#### WORK TASK:
Copy out the data that comes next, character for character, and leave the images aside.

#### GIVEN DATA:
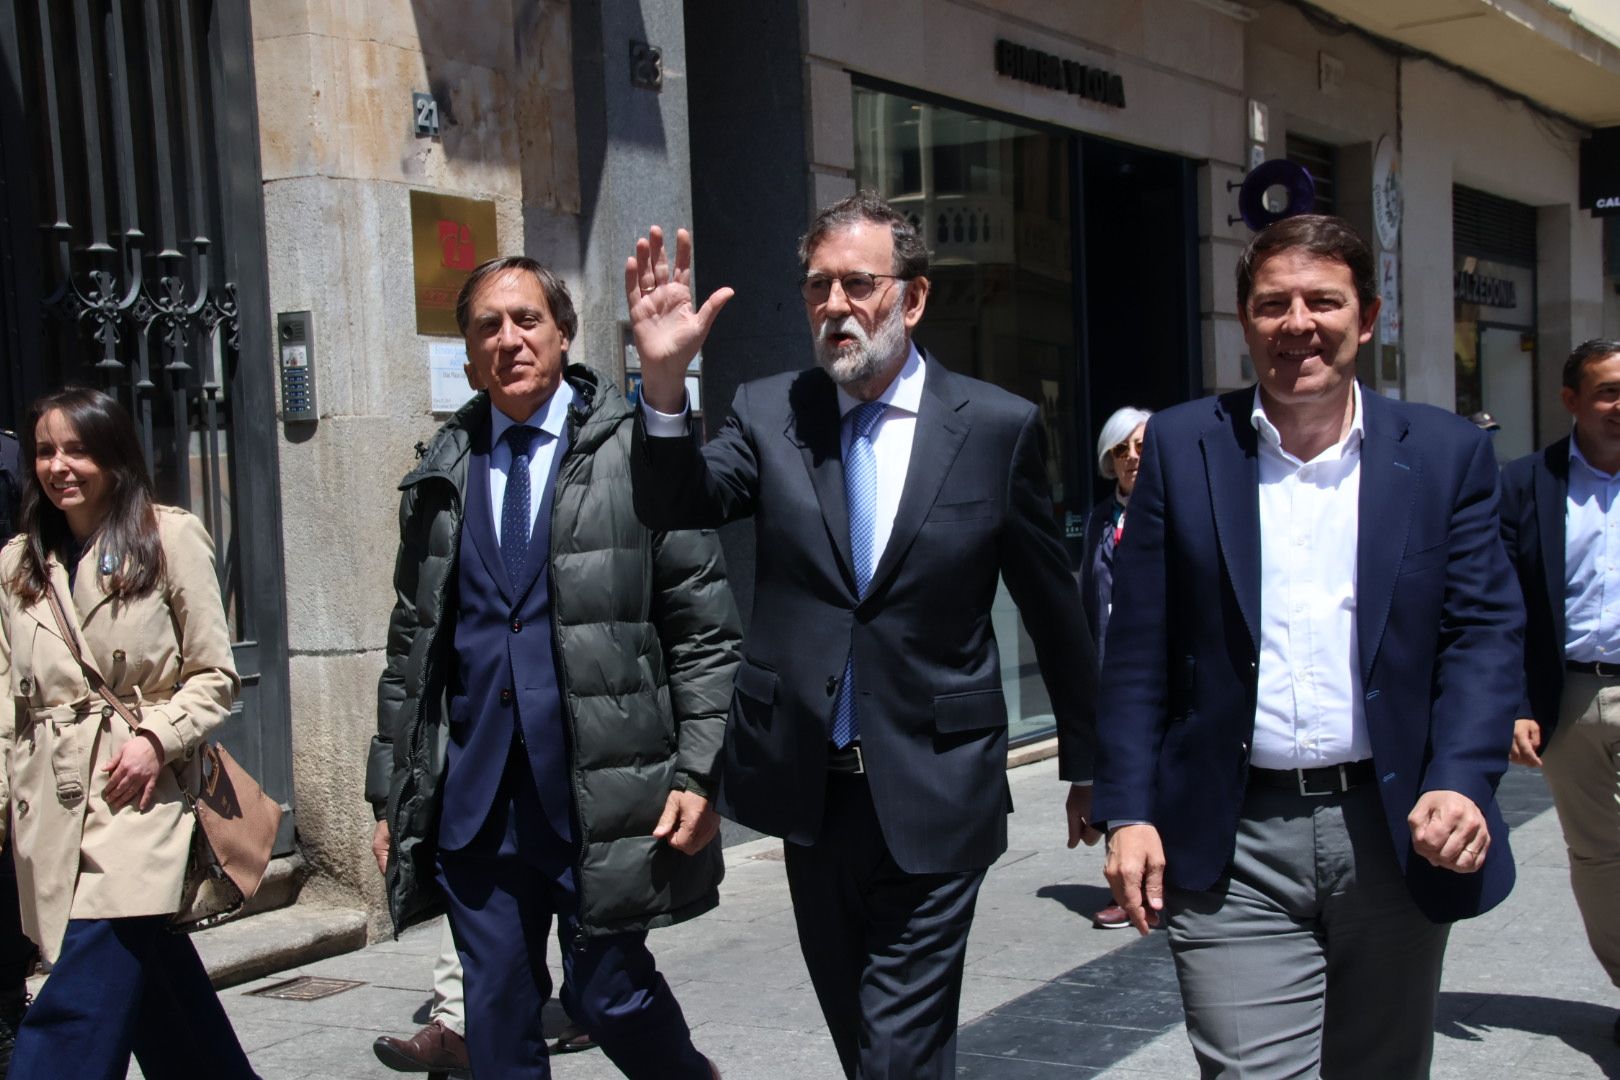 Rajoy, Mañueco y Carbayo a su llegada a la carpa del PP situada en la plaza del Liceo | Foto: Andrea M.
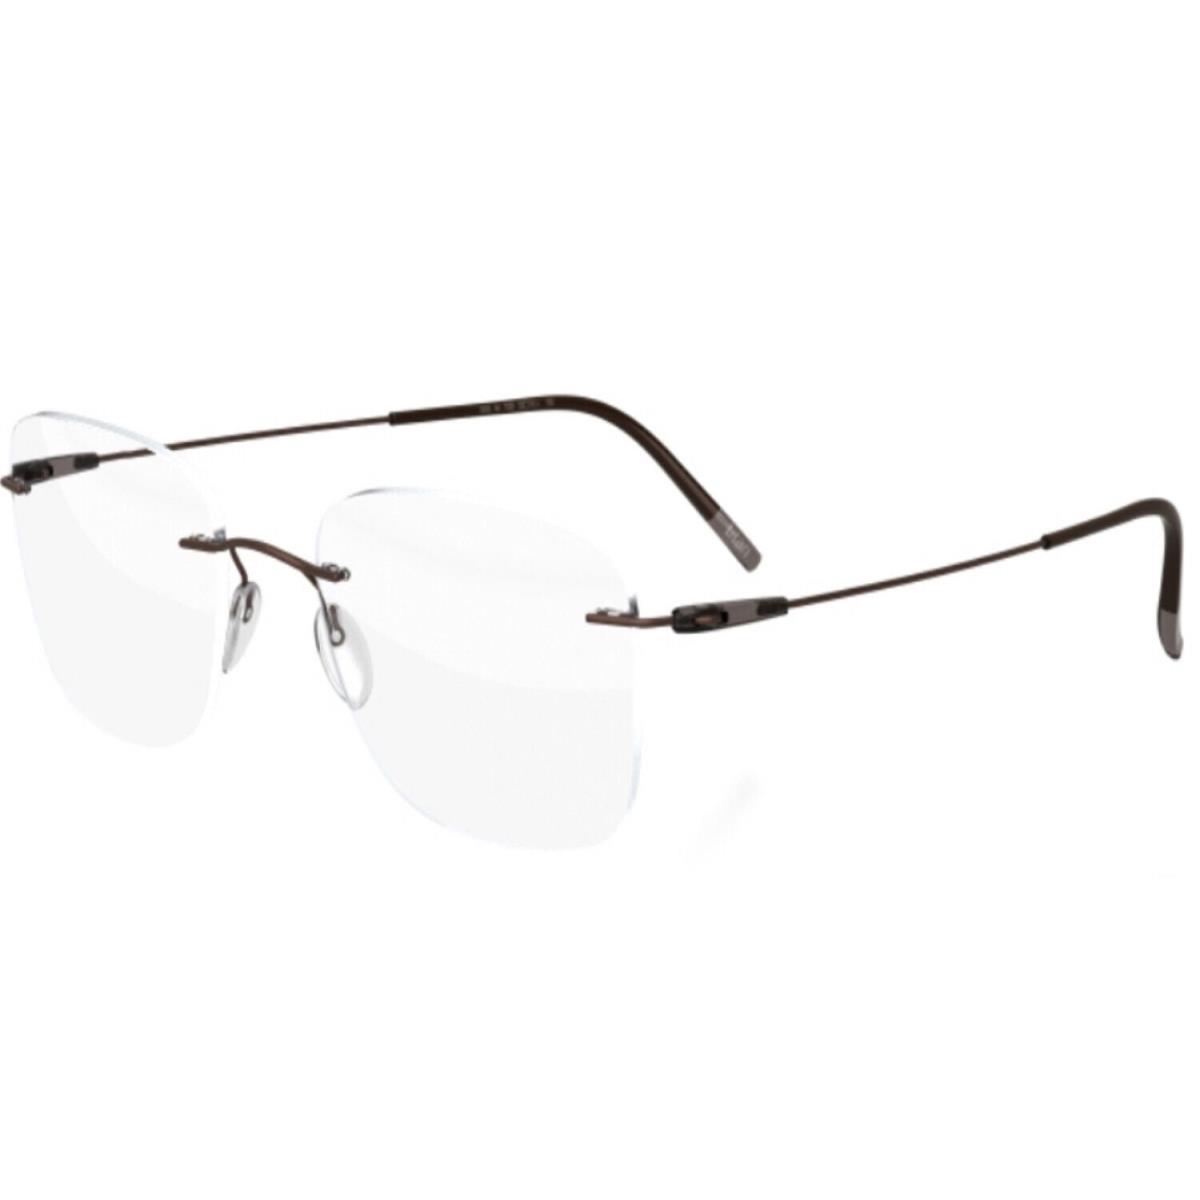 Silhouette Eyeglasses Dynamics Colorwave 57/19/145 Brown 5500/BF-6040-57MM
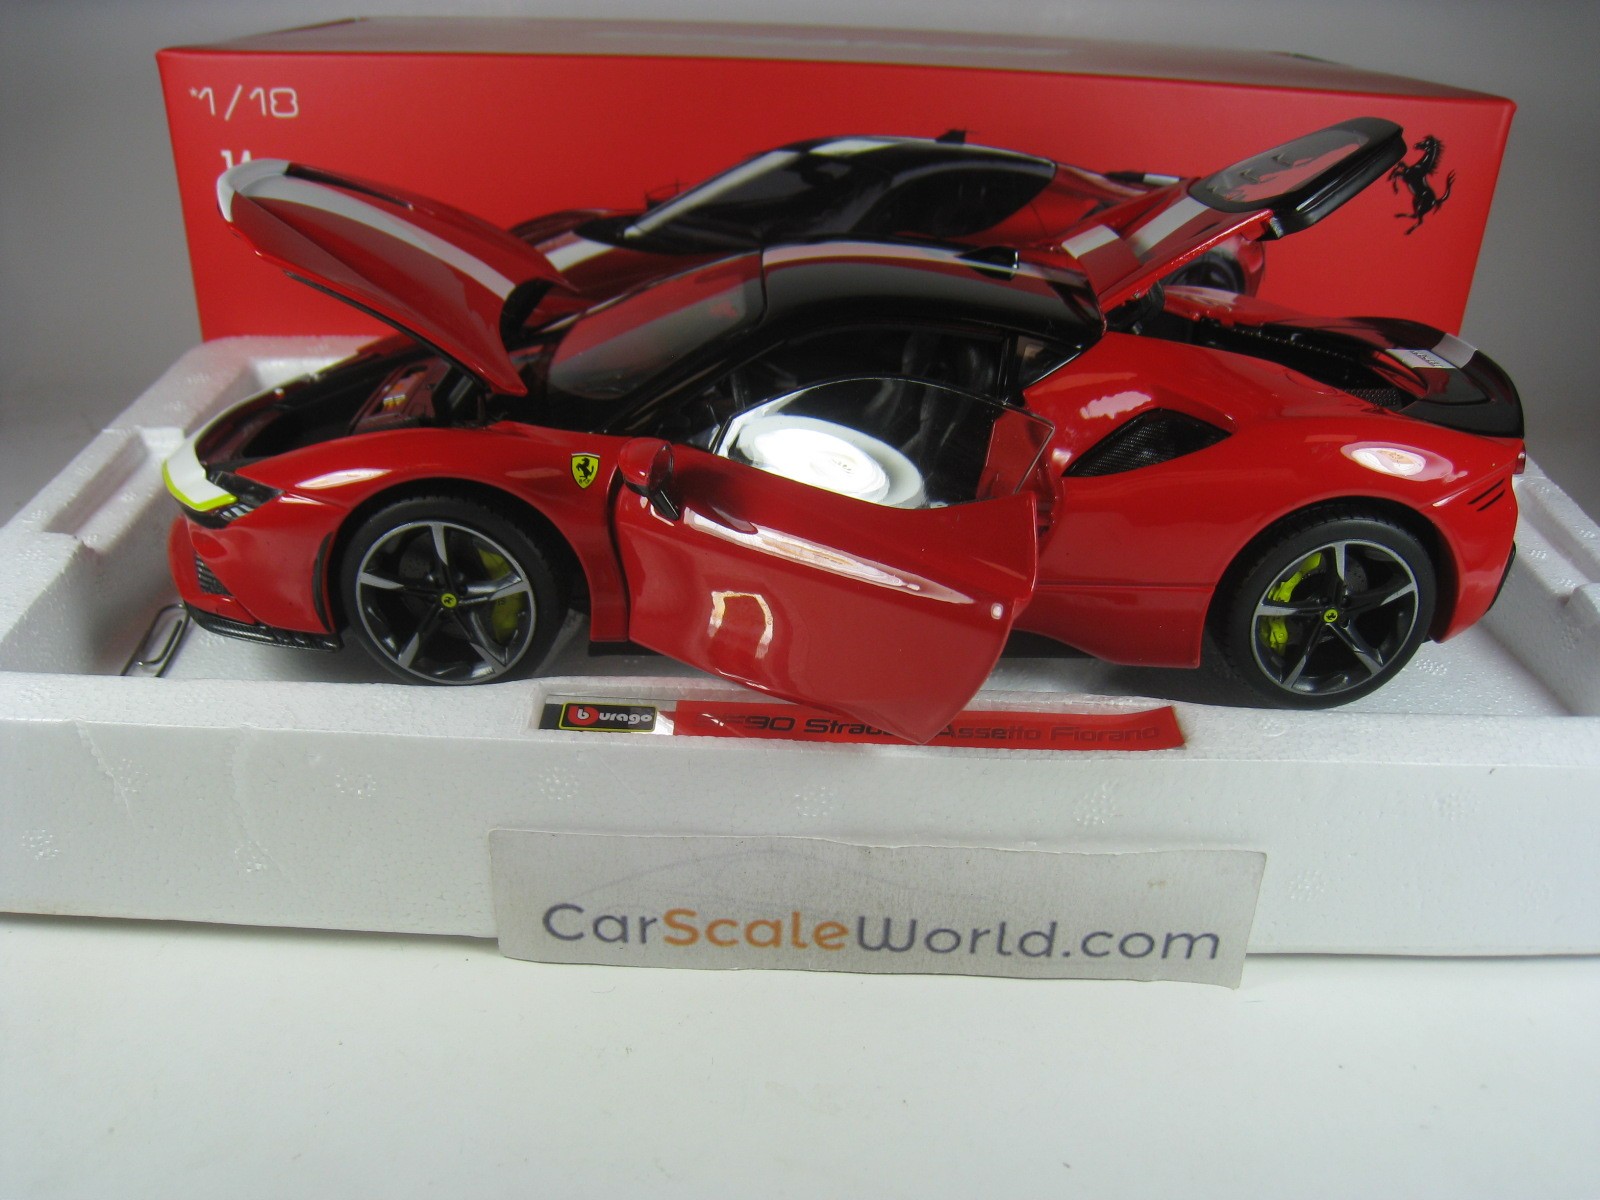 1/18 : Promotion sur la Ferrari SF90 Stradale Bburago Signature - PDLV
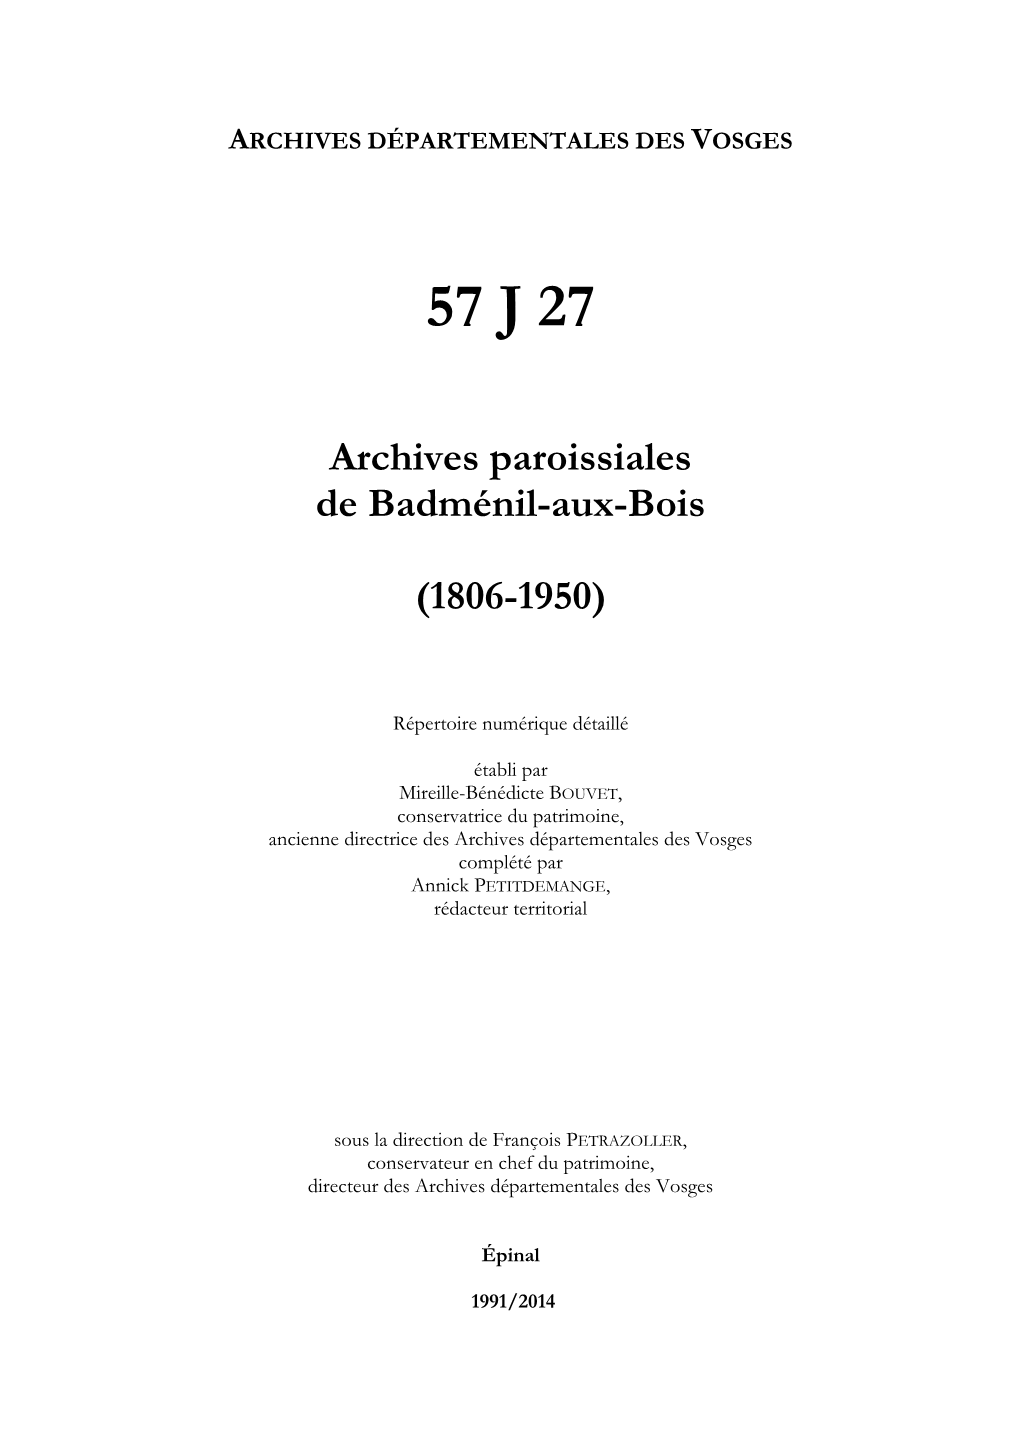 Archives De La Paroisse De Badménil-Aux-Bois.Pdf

#### TASK ANSWER:
 Rajoy, Mañueco y Carbayo a su llegada a la carpa del PP situada en la plaza del Liceo | Foto: Andrea M.
 Silhouette Eyeglasses Dynamics Colorwave 57/19/145 Brown 5500/BF-6040-57MM
 1/18 : Promotion sur la Ferrari SF90 Stradale Bburago Signature - PDLV
 Archives De La Paroisse De Badménil-Aux-Bois.Pdf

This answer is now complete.